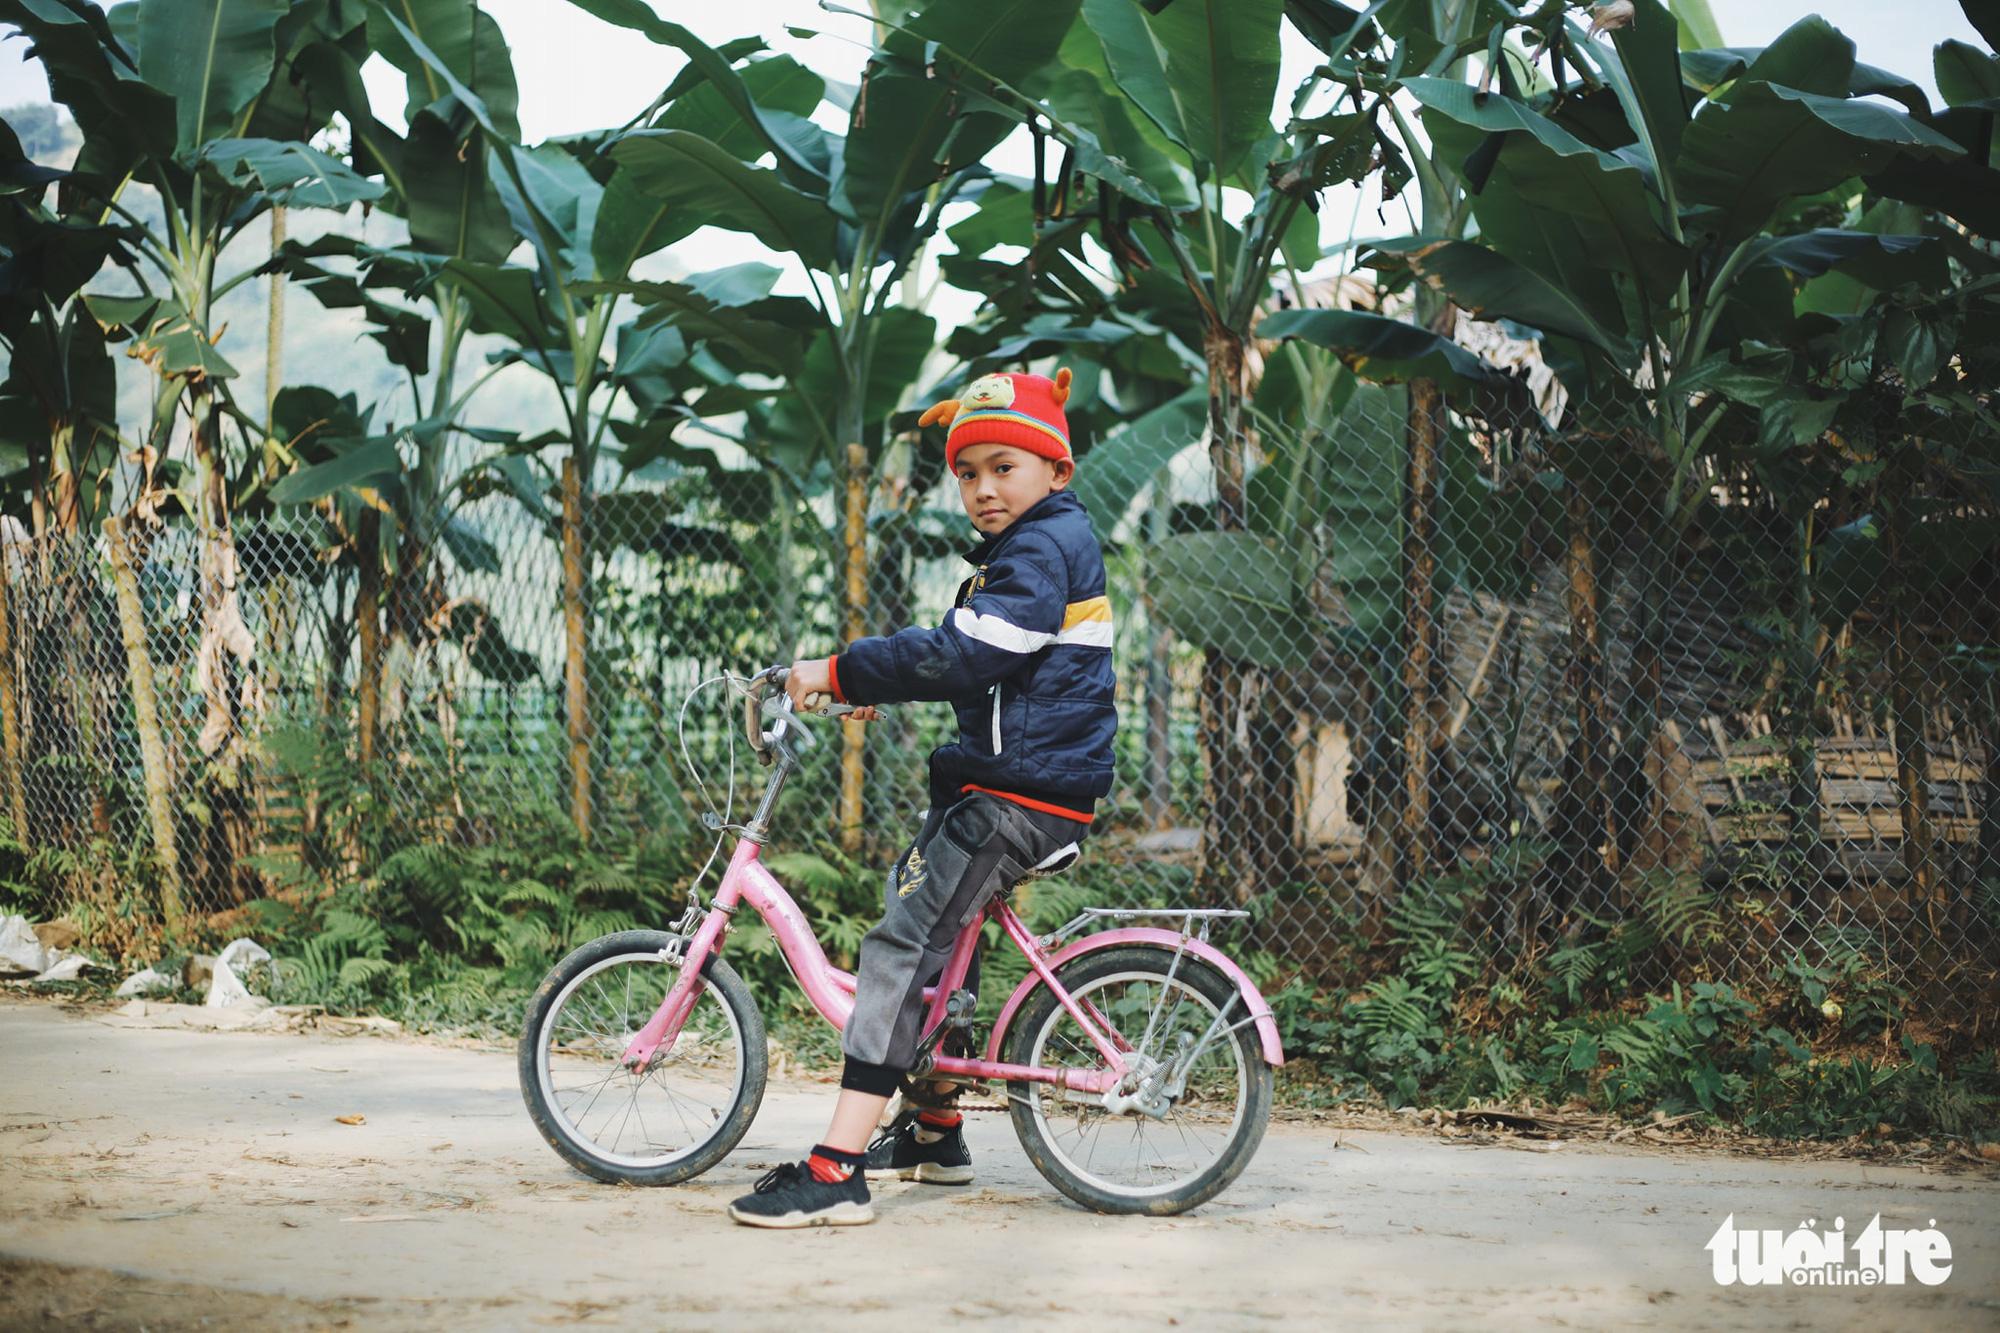 A local kid rides a bike around Tong Pang Village, Lam Thuong Commune, Luc Yen District, Yen Bai Province, Vietnam. Photo: Mai Thuong / Tuoi Tre
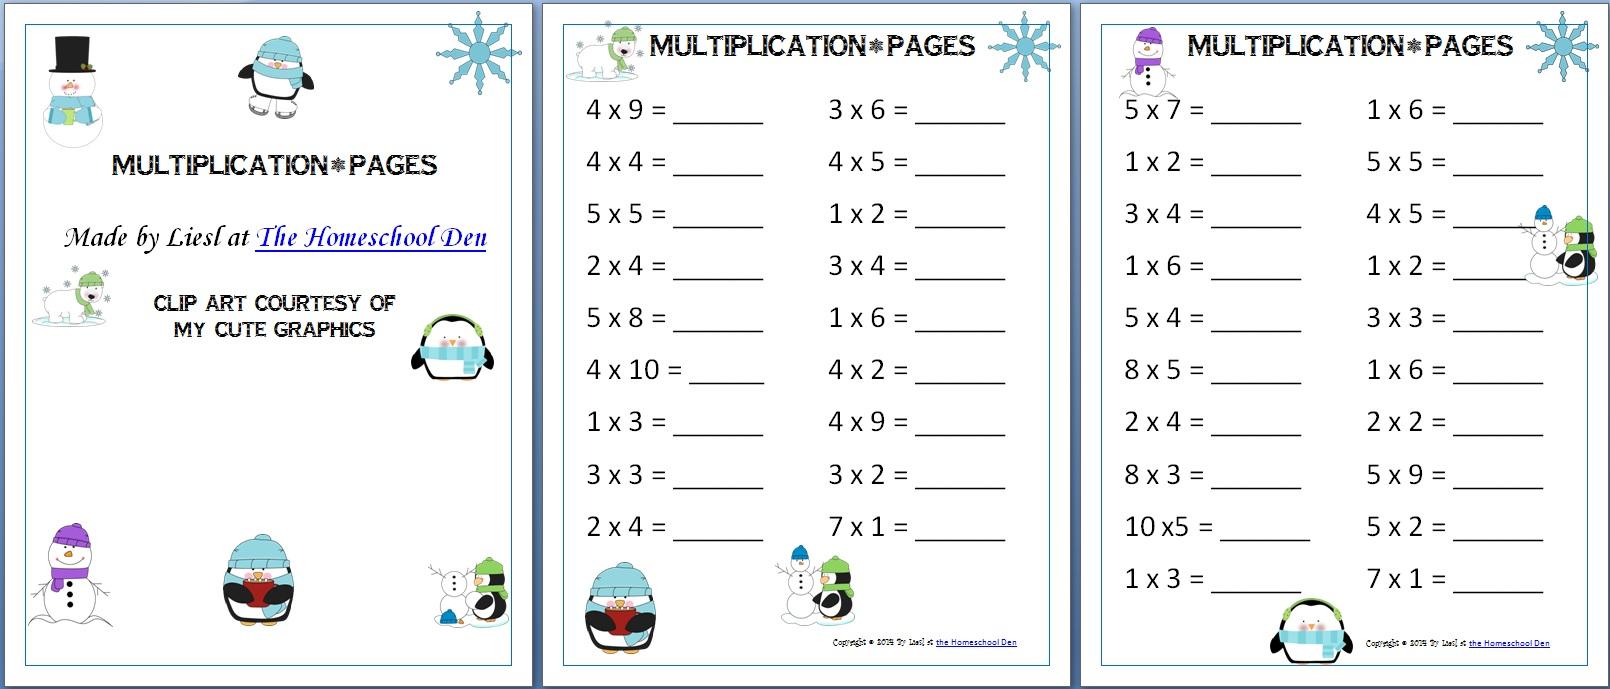 Free Multiplication Worksheets Archives
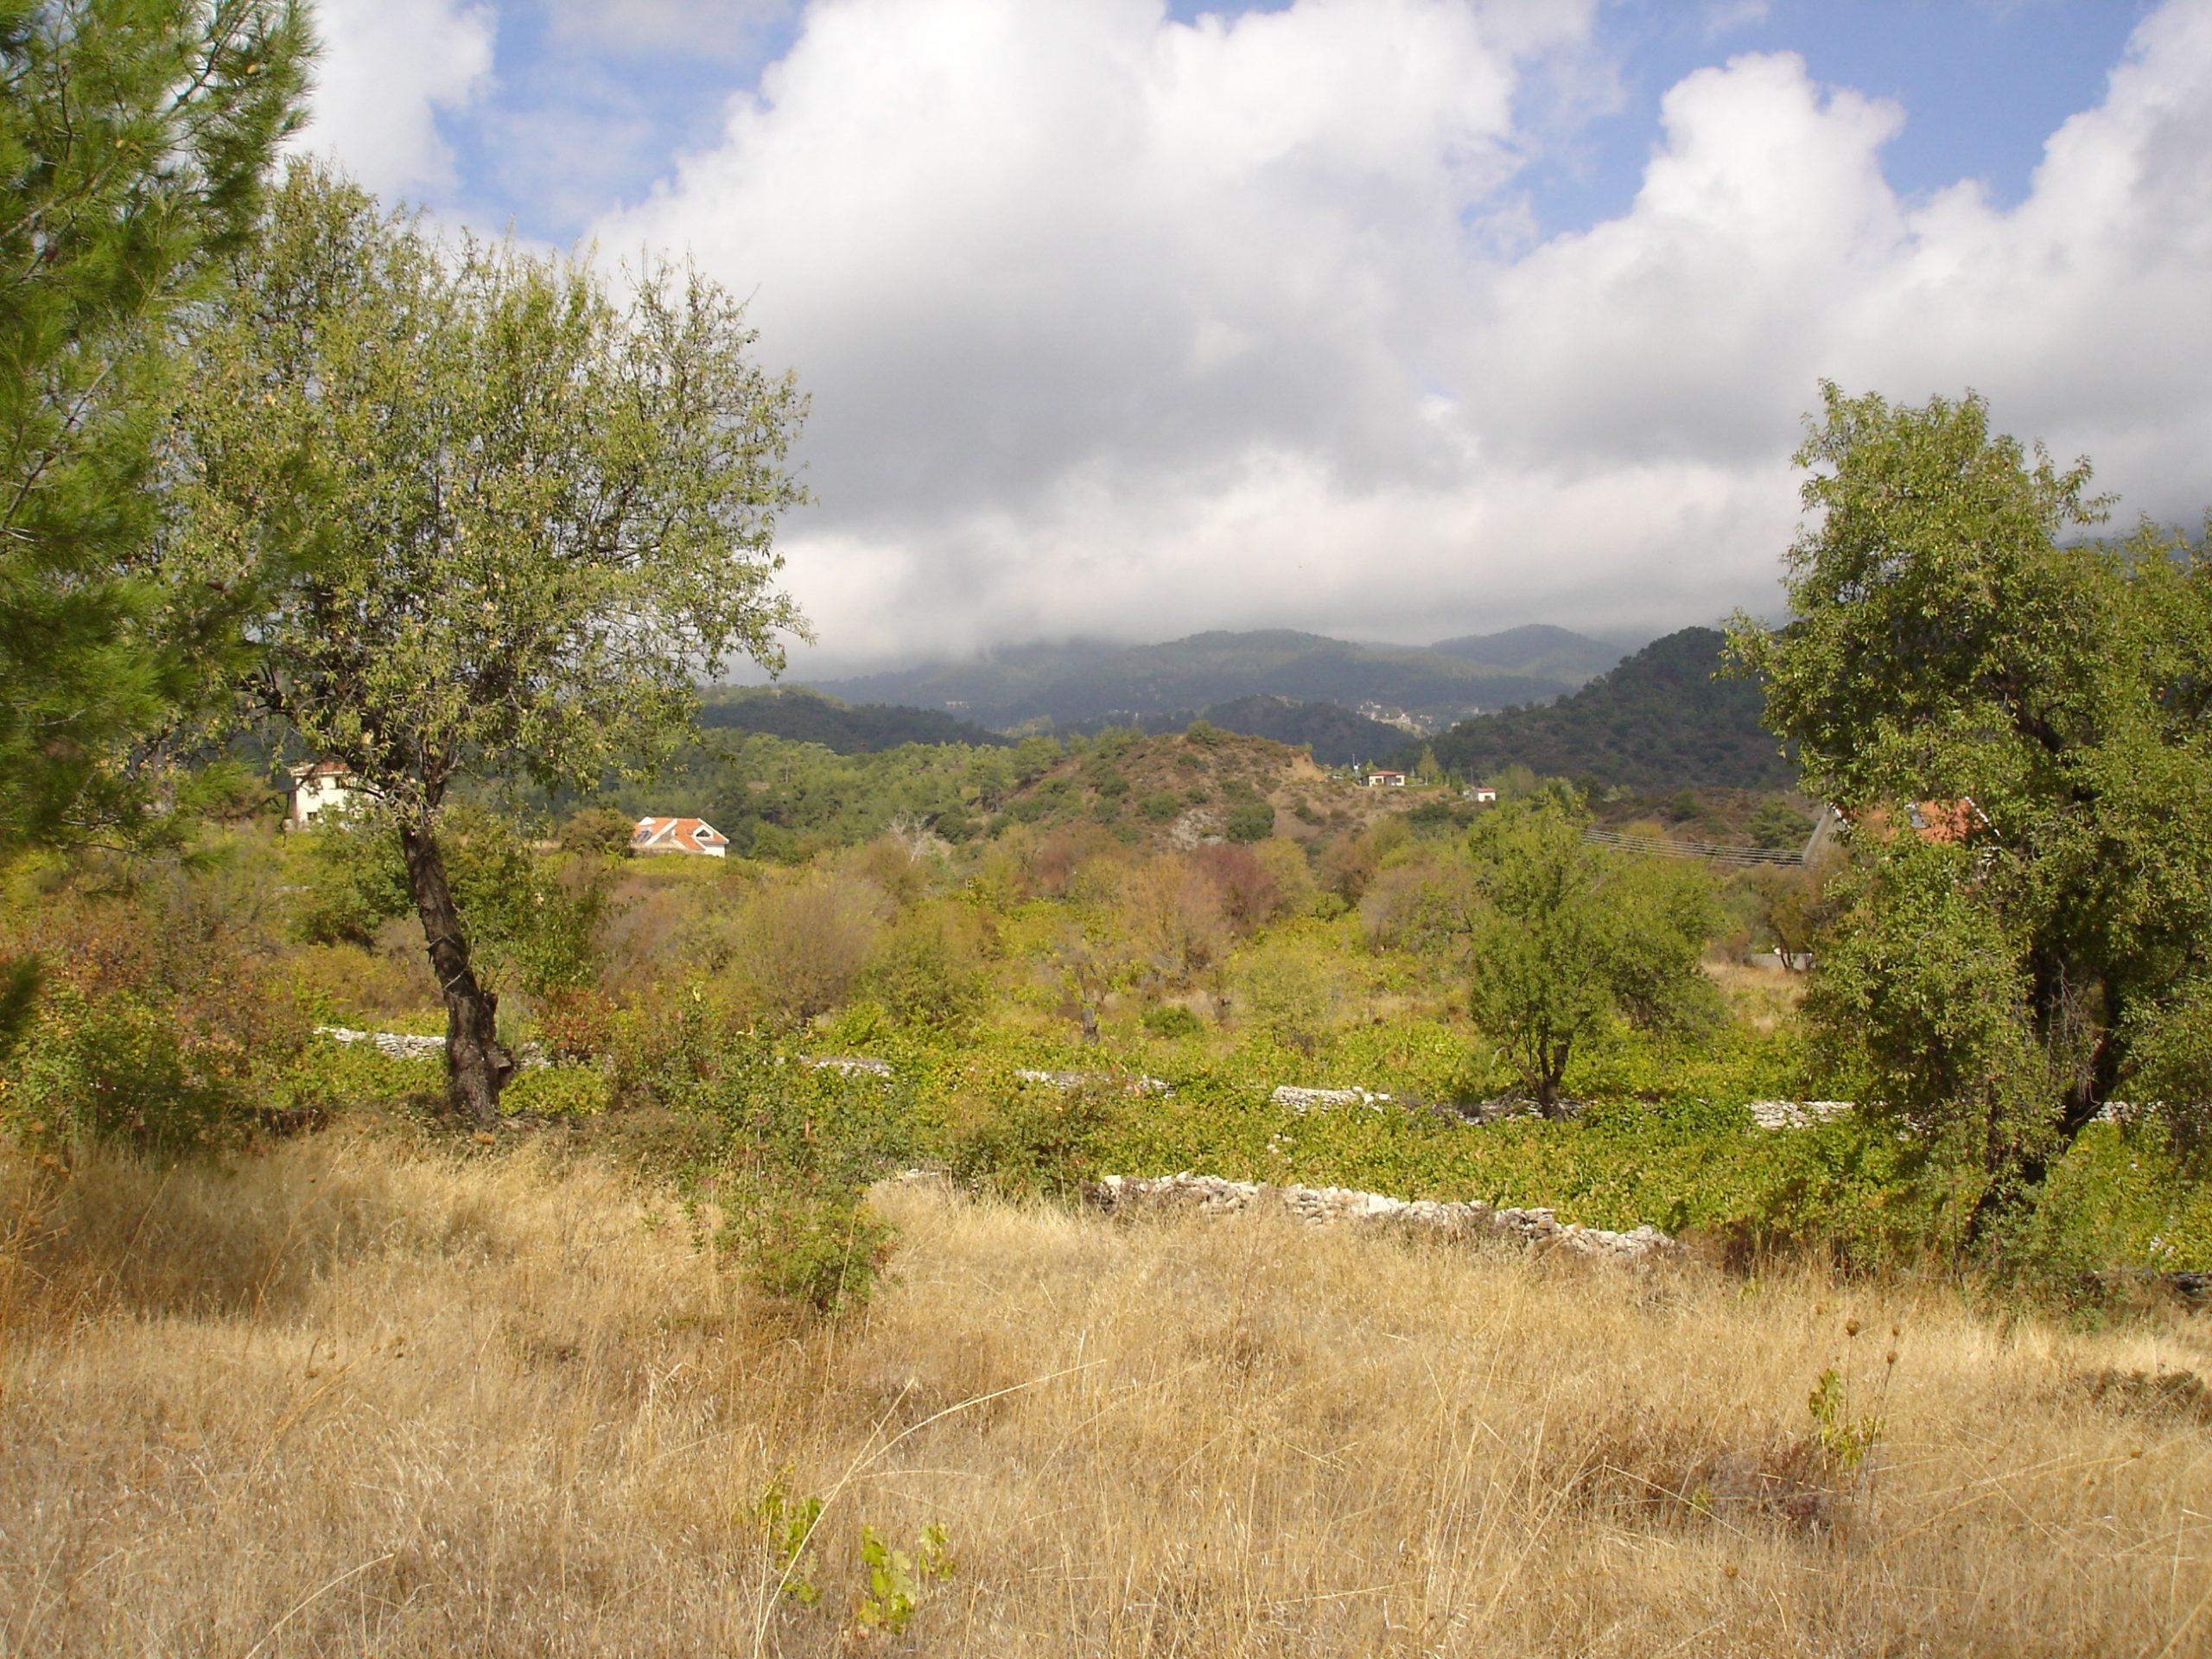 Residential piece of land in Pera Pedi village

**Your instructions**
Please copy the lines above exactly as written, apart from any pictures.

**Reply**
 A local kid rides a bike around Tong Pang Village, Lam Thuong Commune, Luc Yen District, Yen Bai Province, Vietnam. Photo: Mai Thuong / Tuoi Tre
 Free Multiplication Worksheets Archives
 Residential piece of land in Pera Pedi village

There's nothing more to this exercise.